Your goal:
In the material below, write out each line word for word and omit the pictures.

Source information:
□ □ □
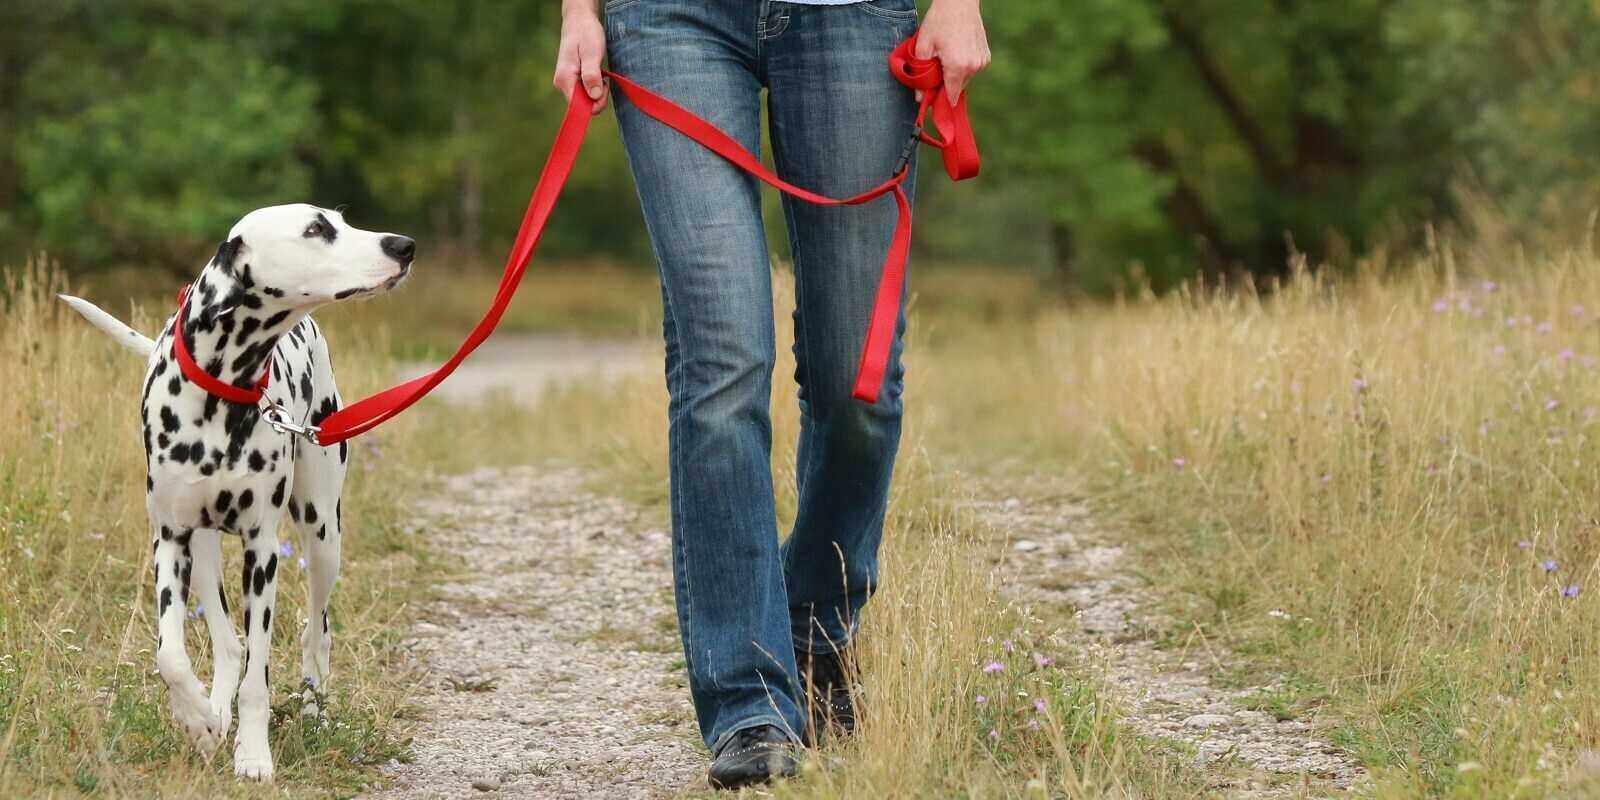 woman is walking a dalmatian dog on a leash in nature environment
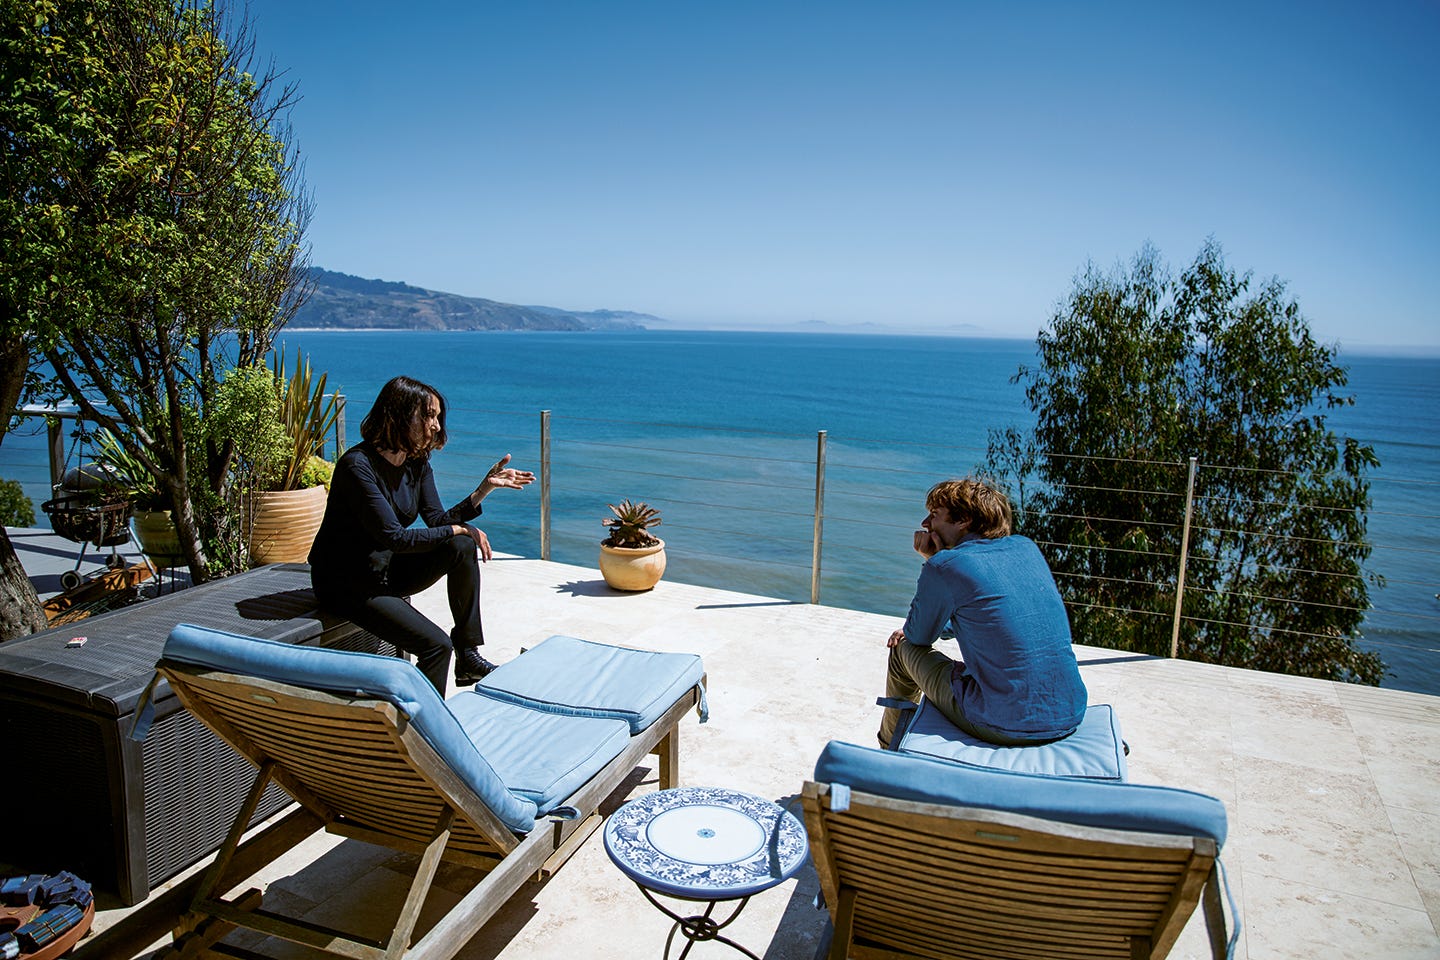 Suzanne Ciani and Spencer Tweedy sit on patio furniture on a concrete patio overlooking the Pacific ocean.
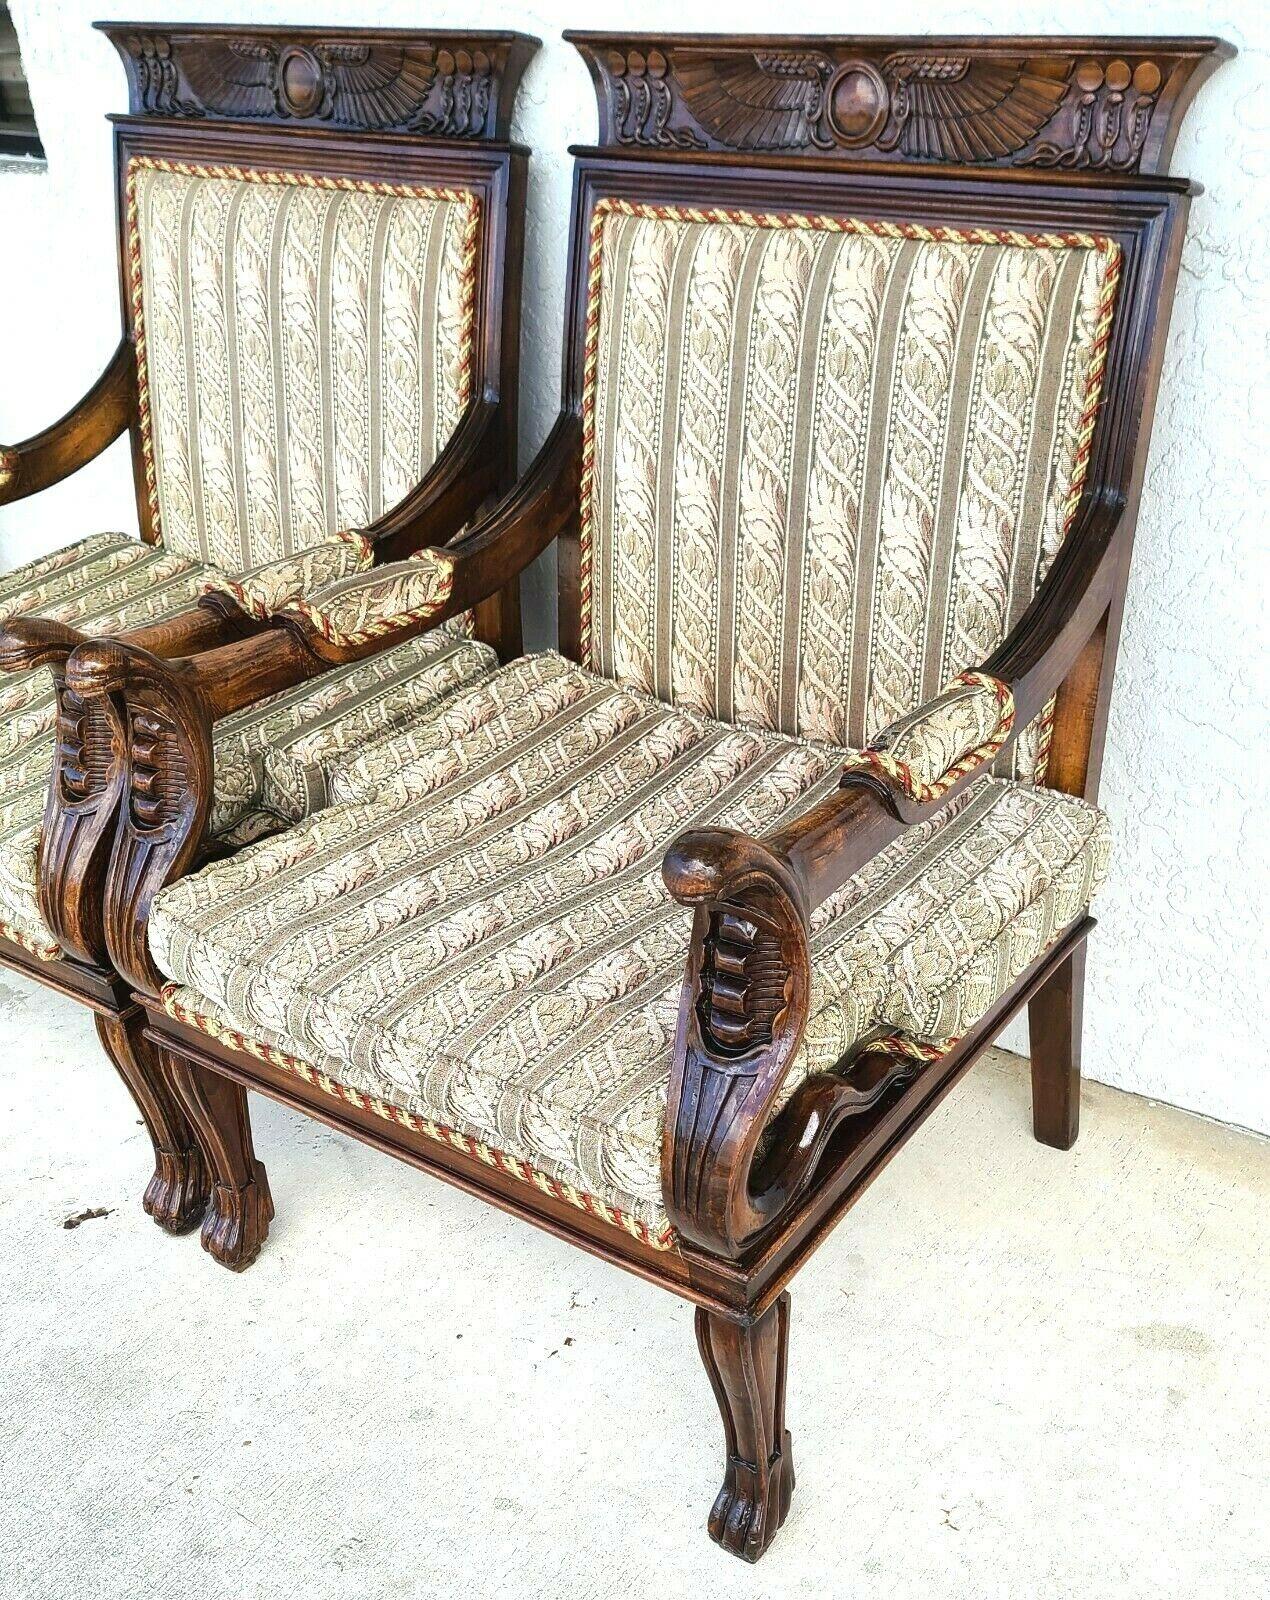 For full item description be sure to click on CONTINUE READING at the bottom of this listing.

Offering one of our recent palm beach estate fine furniture acquisitions of a
Pair of Antique Egyptian Revival Carved Cobra & Isis Wings Mahogany
□ □ □
Answer to this problem:
 woman is walking a dalmatian dog on a leash in nature environment
 Suzanne Ciani and Spencer Tweedy sit on patio furniture on a concrete patio overlooking the Pacific ocean.
 For full item description be sure to click on CONTINUE READING at the bottom of this listing.

Offering one of our recent palm beach estate fine furniture acquisitions of a
Pair of Antique Egyptian Revival Carved Cobra & Isis Wings Mahogany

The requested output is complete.